### Action item
Write out exactly the lines running from the one with "У Новограді-Волинському вітер" to the end of the data, including both of those lines and excluding pictures.

### Material provided

───

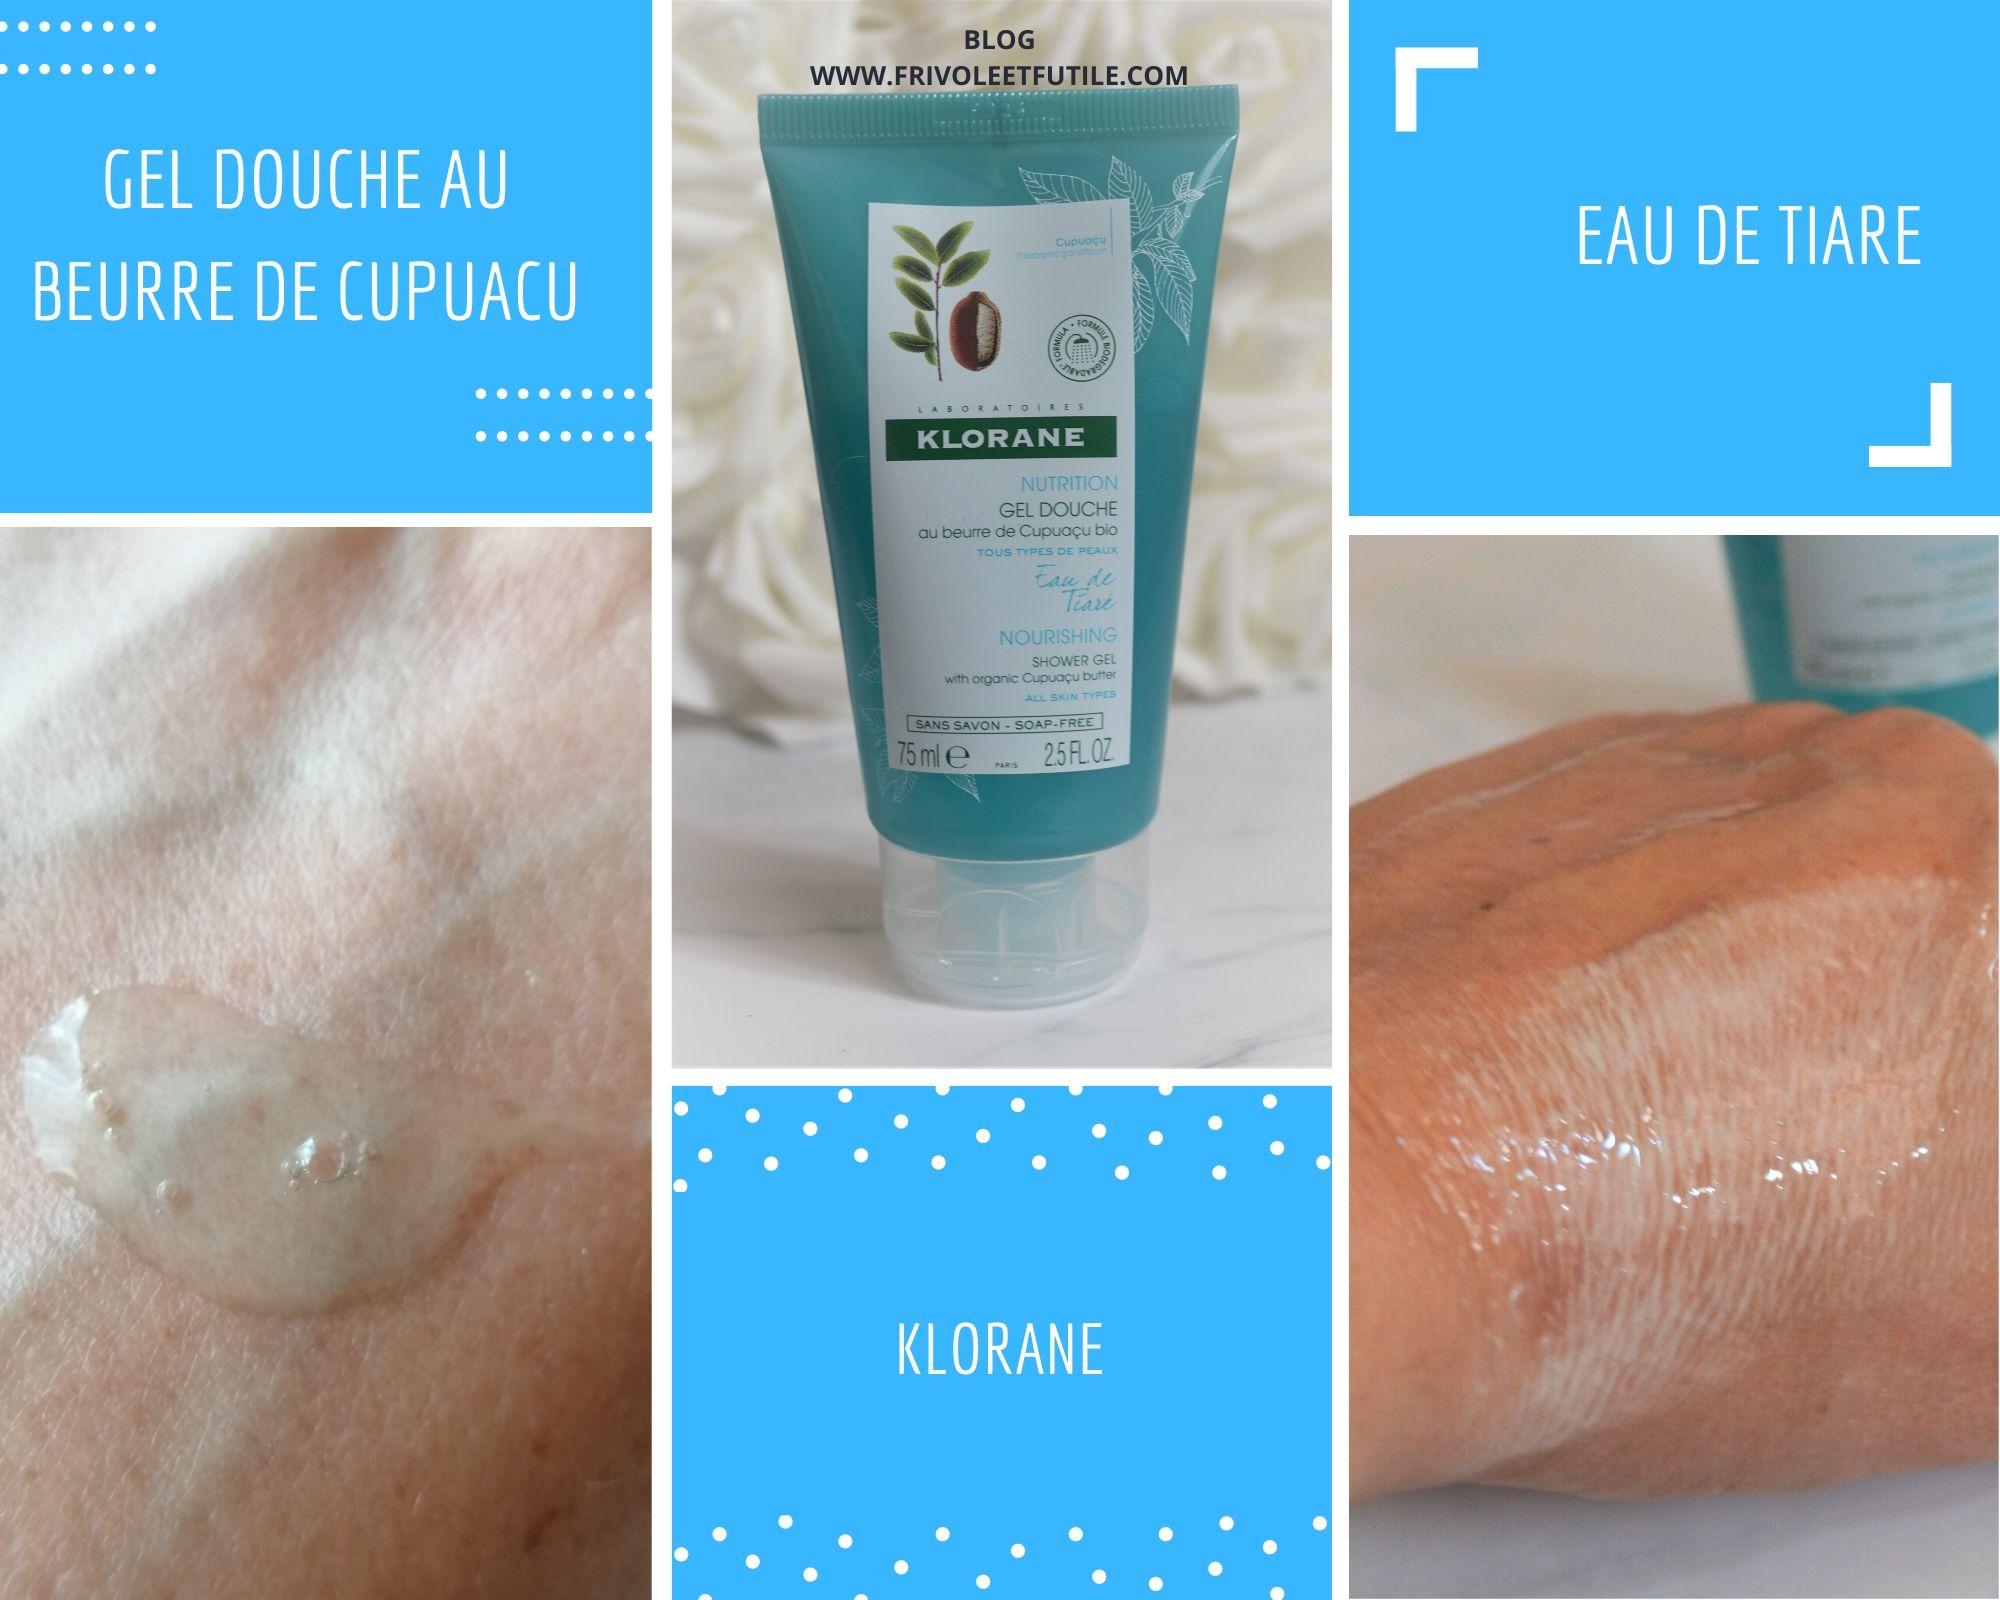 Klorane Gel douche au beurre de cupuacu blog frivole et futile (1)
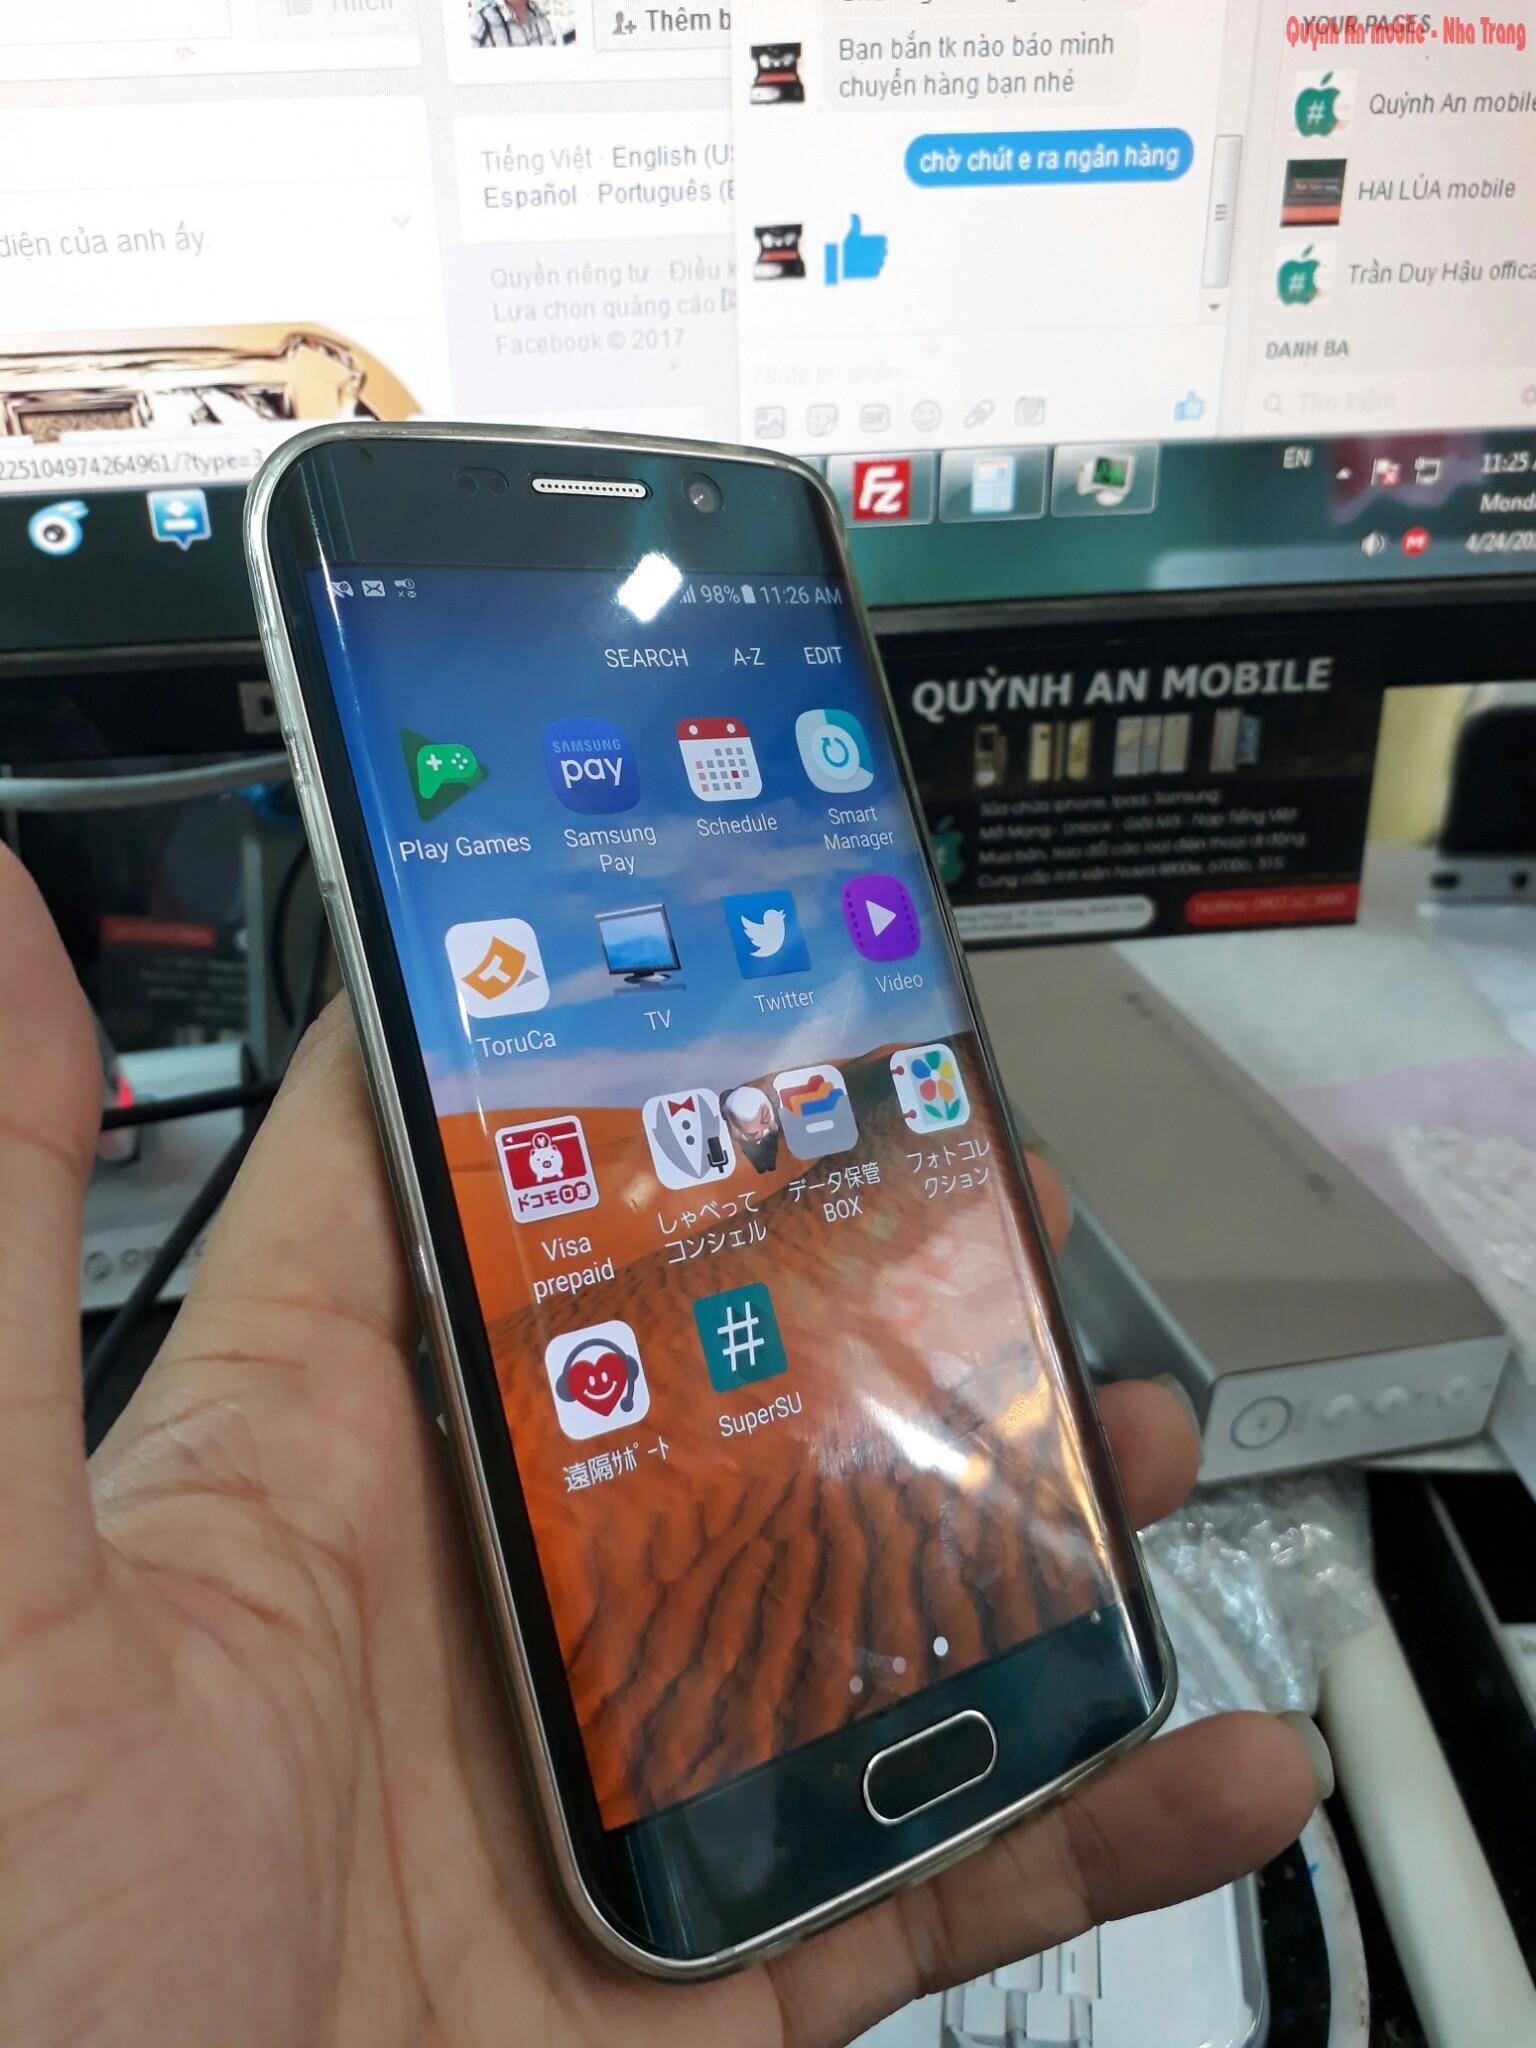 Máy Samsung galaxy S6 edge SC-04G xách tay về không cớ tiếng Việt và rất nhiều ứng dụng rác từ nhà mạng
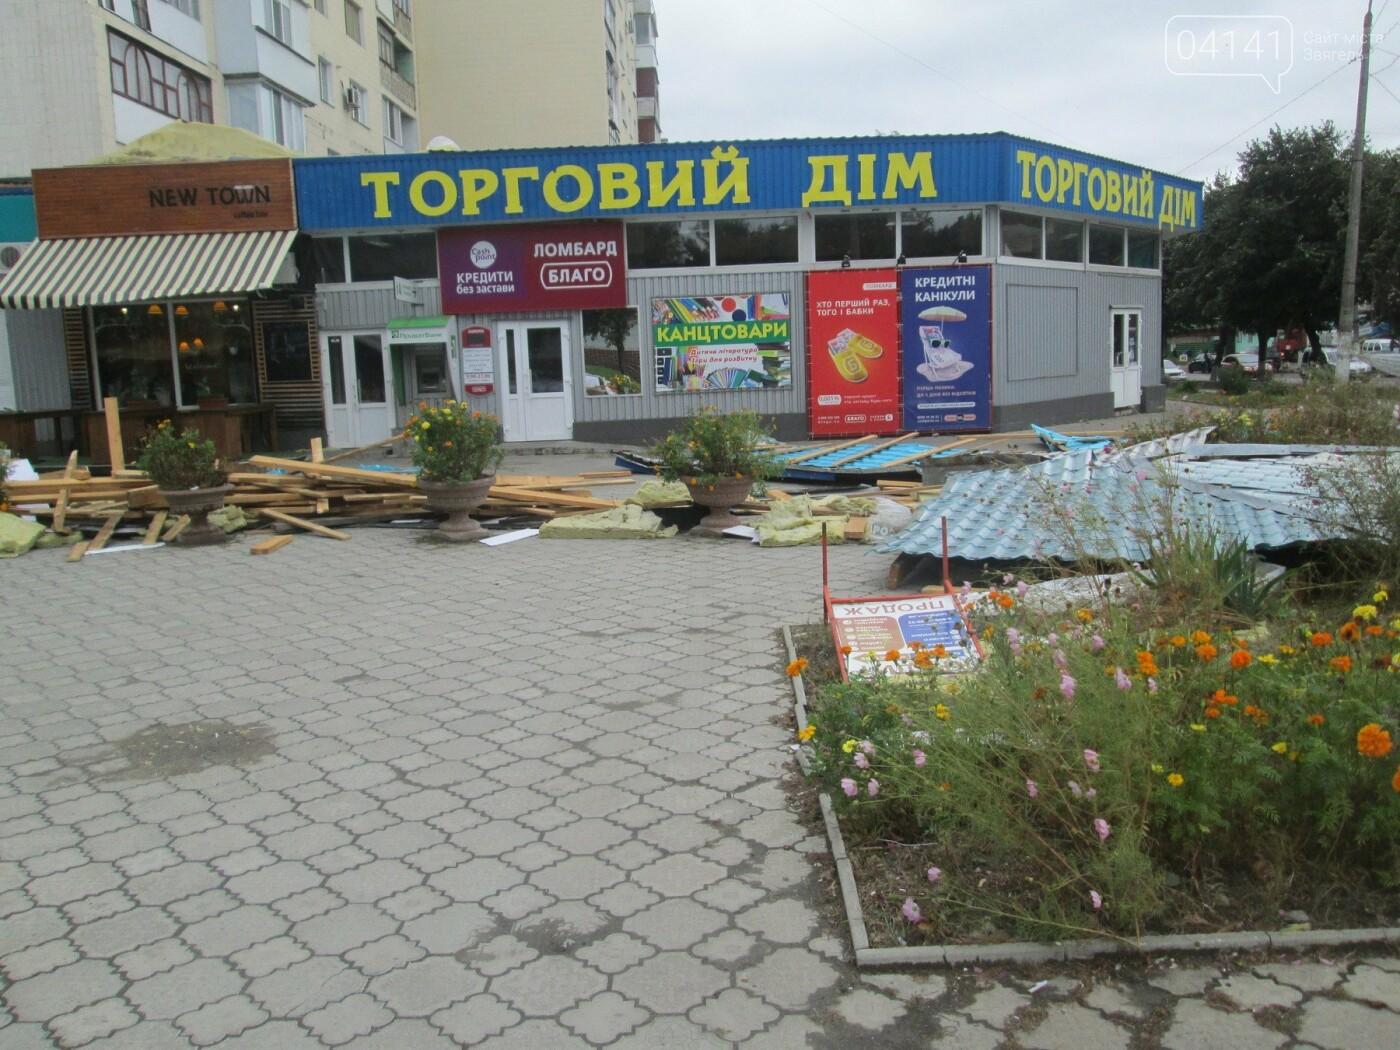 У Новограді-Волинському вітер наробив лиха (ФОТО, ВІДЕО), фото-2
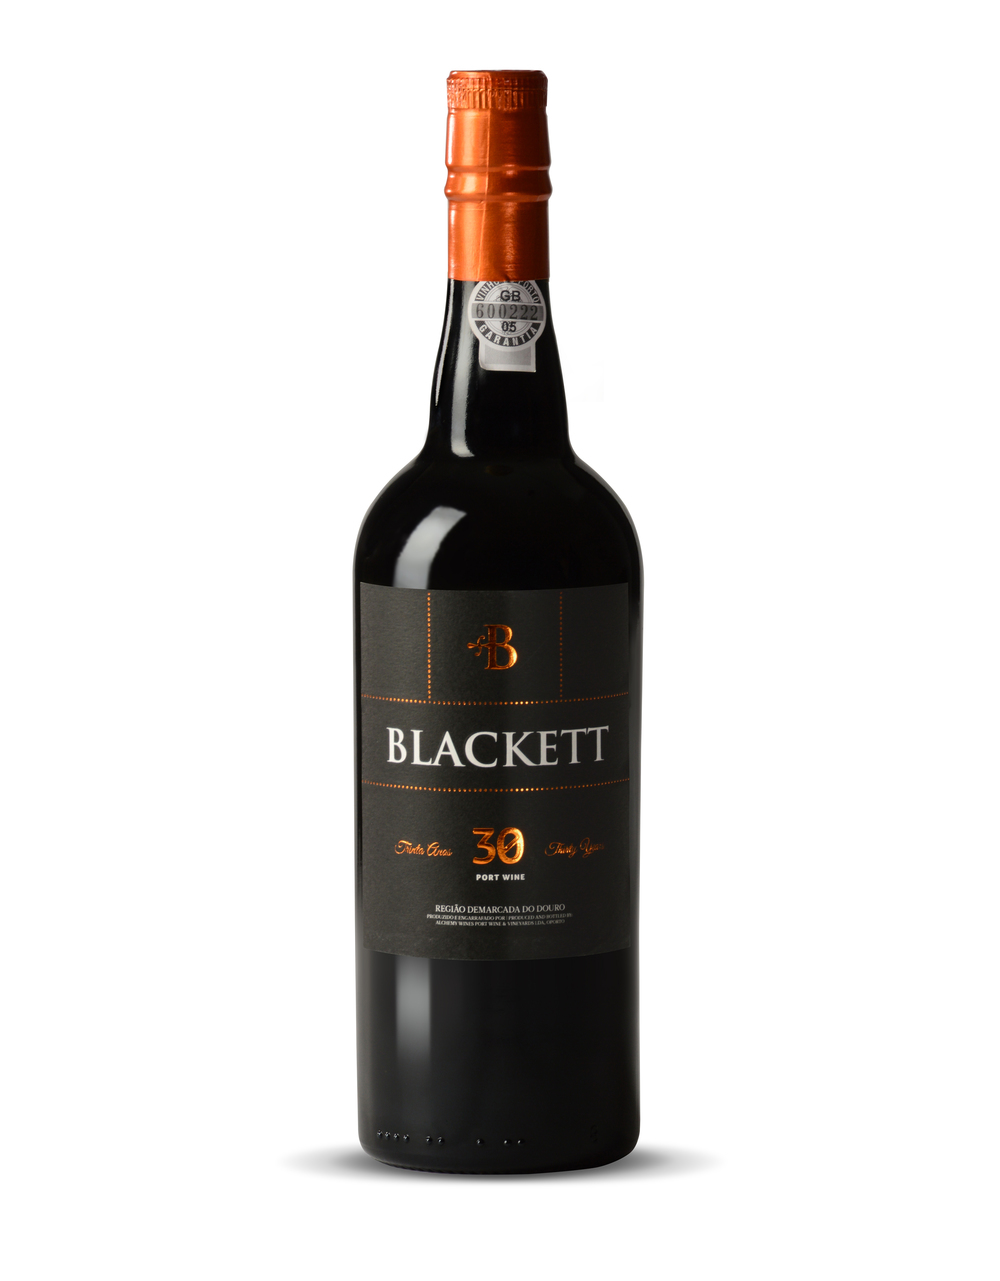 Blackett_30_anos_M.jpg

───

### Solved problem
 У Новограді-Волинському вітер наробив лиха (ФОТО, ВІДЕО), фото-2
 Blackett_30_anos_M.jpg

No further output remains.